Creative Leap-of-Thought (CLoT)
Creative Leap-of-Thought, abbreviated as CLoT, is a pioneering project that explores a new ability in large language models (LLMs) known as Leap-of-Thought (LoT). This project stems from a paper that has been officially accepted at the IEEE/CVF Conference on Computer Vision and Pattern Recognition 2024 (CVPR 2024).
Exploring Leap-of-Thought
The fundamental objective of CLoT is to study the LoT ability in multimodal LLMs. Conventional LLMs primarily focus on linear, sequential thinking skills, such as Chain-of-Thought methods. Leap-of-Thought, by contrast, challenges these models to think differently—outside the conventional bounds, offering a new dimension of creative reasoning.
This project uniquely utilizes a humor generation game called Oogiri (大喜利) to assess and develop the Leap-of-Thought capabilities. In Oogiri, participants are required to deliver unexpected, humorous responses to various multimodal inputs. This makes it an ideal setting to exercise the LoT ability, prompting language models to generate innovative and entertaining outputs based on different kinds of information, whether it's Image-to-Text, Text-to-Text, or Image-Text-to-Text scenarios.
Launching CLoT Quickly
For those interested in experimenting with CLoT, the project provides a simple entry point. Users can test CLoT's zero-shot inference capabilities through a provided script. The setup involves the installation of necessary packages and running a straightforward command:
pip install -r requirements.txt
python inference.py
Gradio Web Interface
Additionally, the project offers a user-friendly interface via Gradio, which makes it accessible for those who prefer interacting with the tool in a web environment. This can be initiated with the following command:
python gradio_demo.py
Recent Developments
CLoT has seen significant updates:
- April 13, 2024: A dataset and a checkpoint have been released on ModelScope, providing resources for those who can't access Hugging Face.
- March 16, 2024: The same dataset and checkpoint were made available on Hugging Face.
- December 6, 2023: The project launched its official project page, featuring more detailed information and examples.

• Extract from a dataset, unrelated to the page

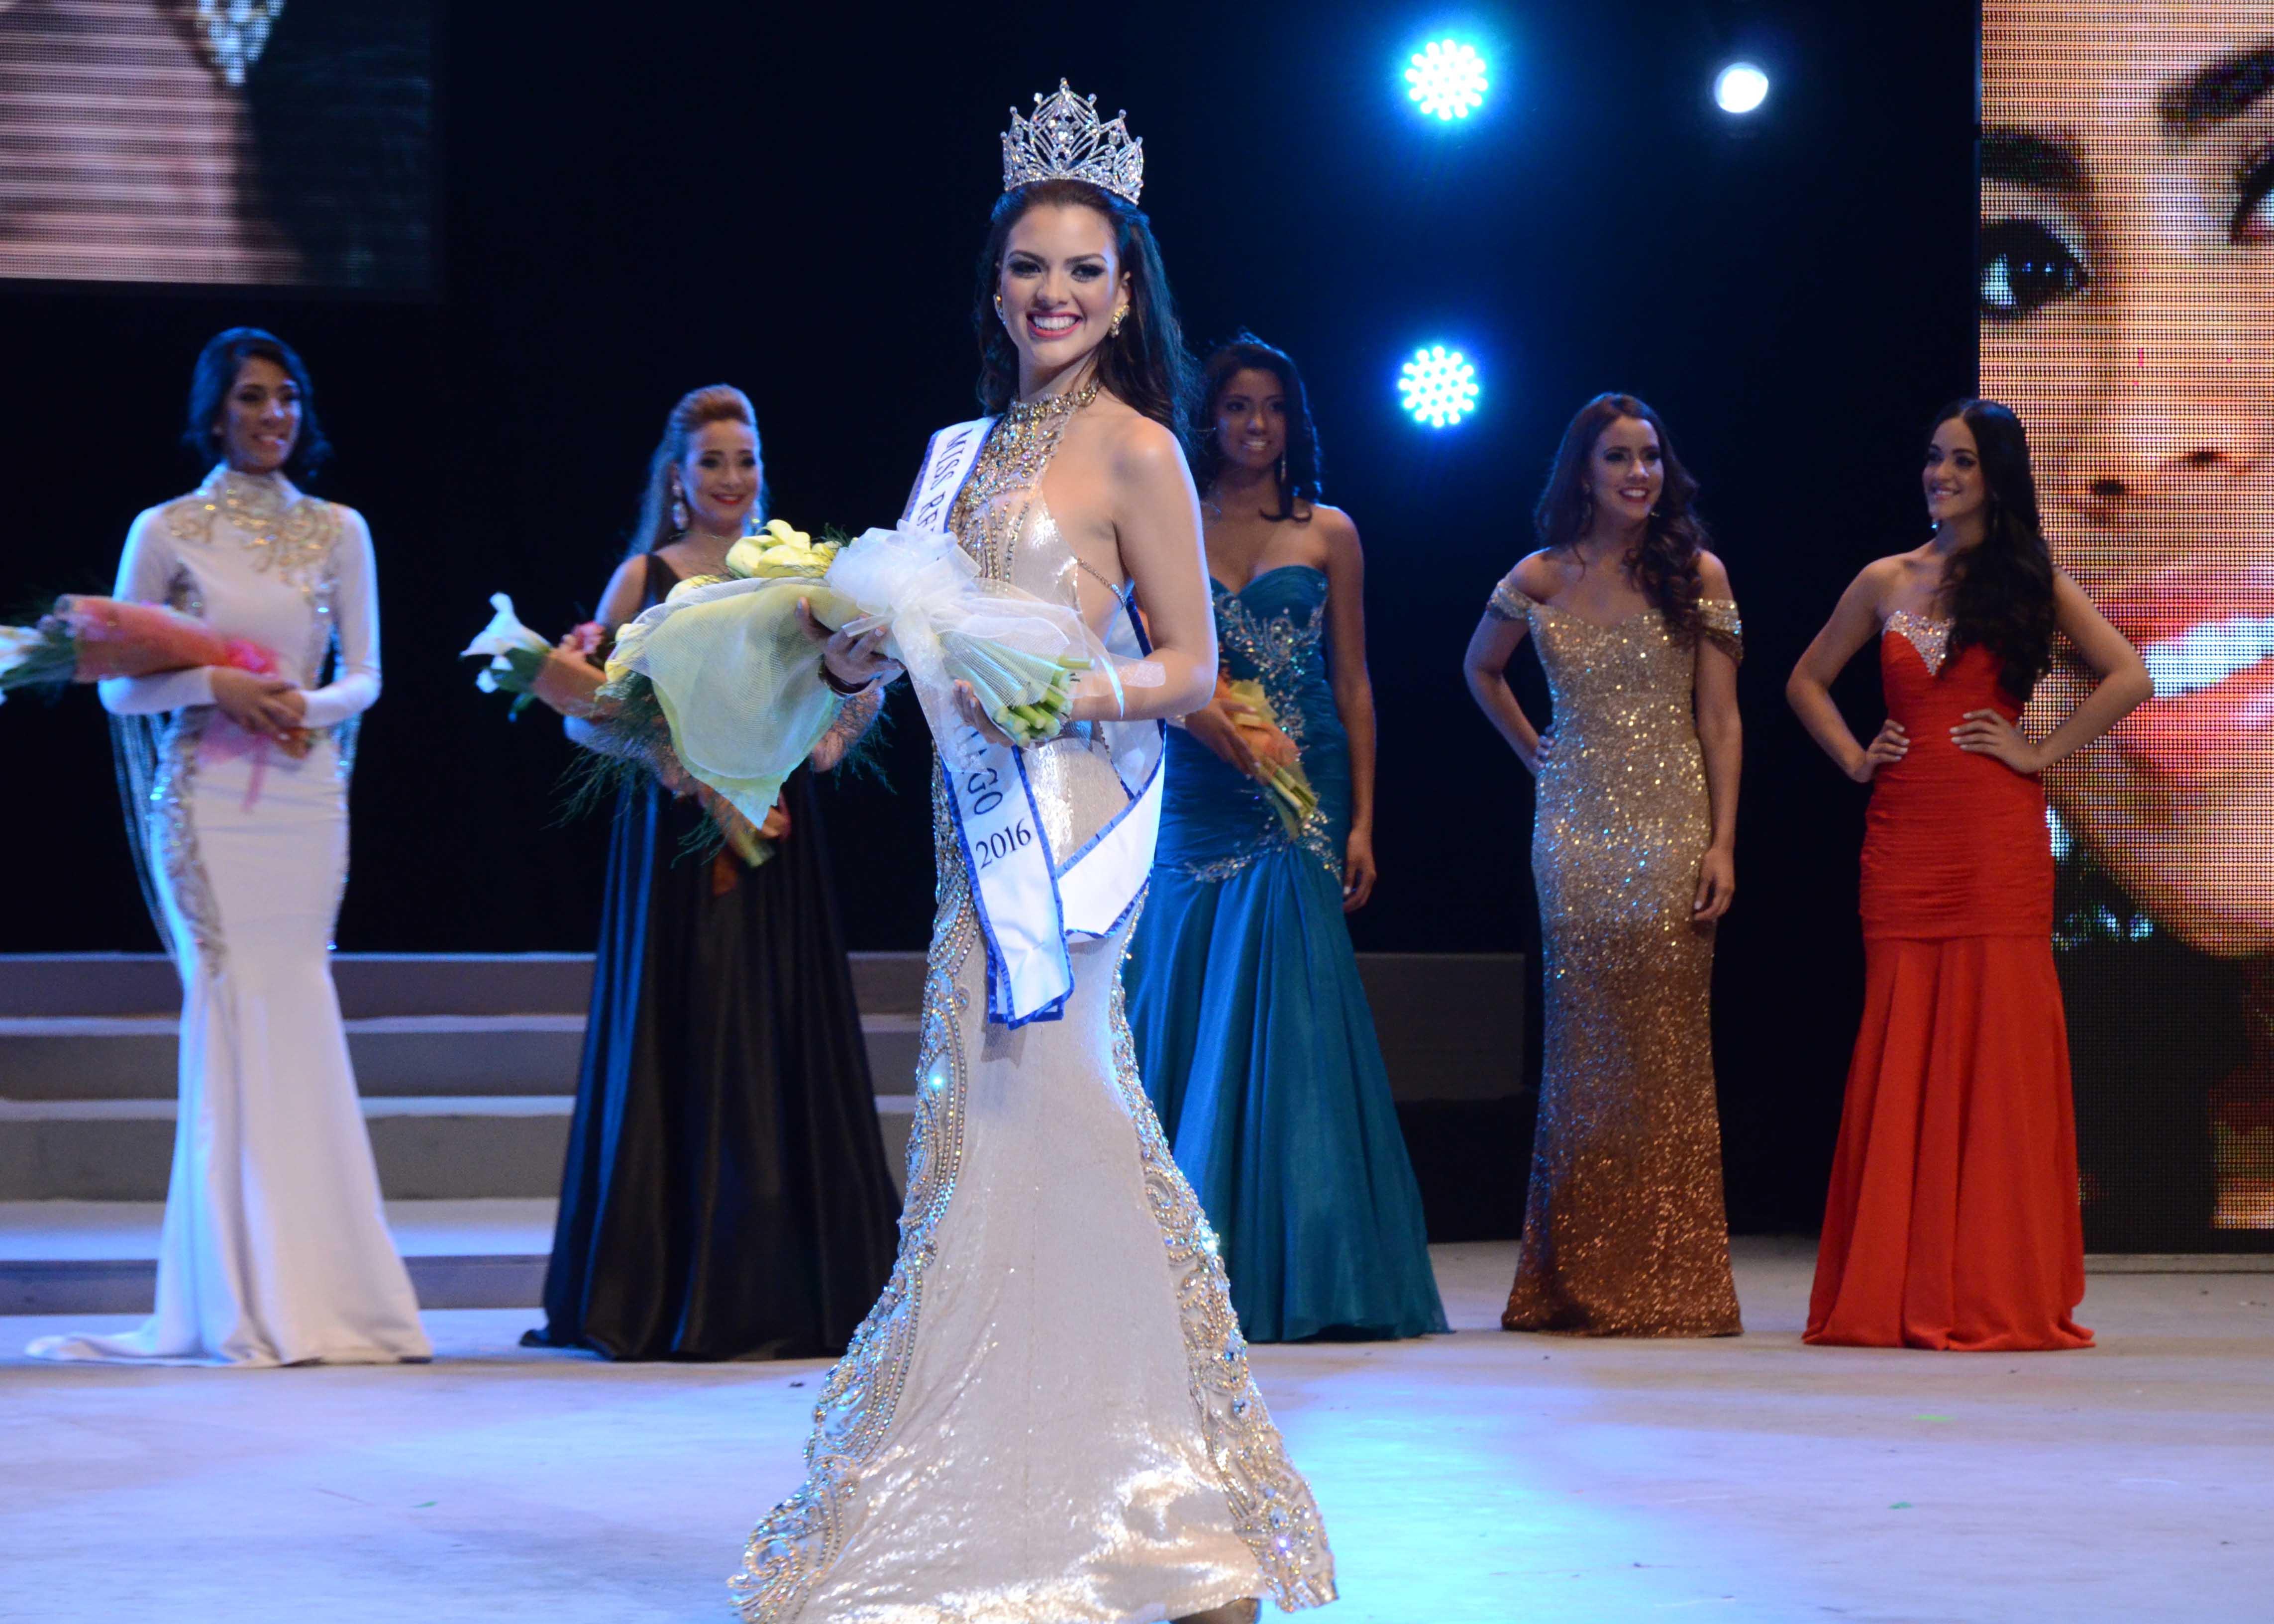 Katherine Camacho, Miss RD Santiago 2016.

- December 5, 2023: The project's foundational paper was released on arXiv.
Planned Enhancements
CLoT's development checklist includes the successful completion of several components such as the project webpage, the preprint paper release, and making datasets and code available for public use.
Recognition
For those referencing this work, here is the citation format:
@misc{zhong2023clot,
title={Let's Think Outside the Box: Exploring Leap-of-Thought in Large Language Models with Creative Humor Generation},
author={Zhong, Shanshan and Huang, Zhongzhan and Gao, Shanghua and Wen, Weushao and Lin, Liang and Zitnik, Marinka and Zhou, Pan},
journal={arXiv preprint arXiv:2312.02439},
year={2023}
}
The CLoT project represents an exciting frontier in artificial intelligence, pushing the boundaries of how machines can think creatively and humorously, and expanding the landscape of LLM capabilities beyond traditional linear reasoning.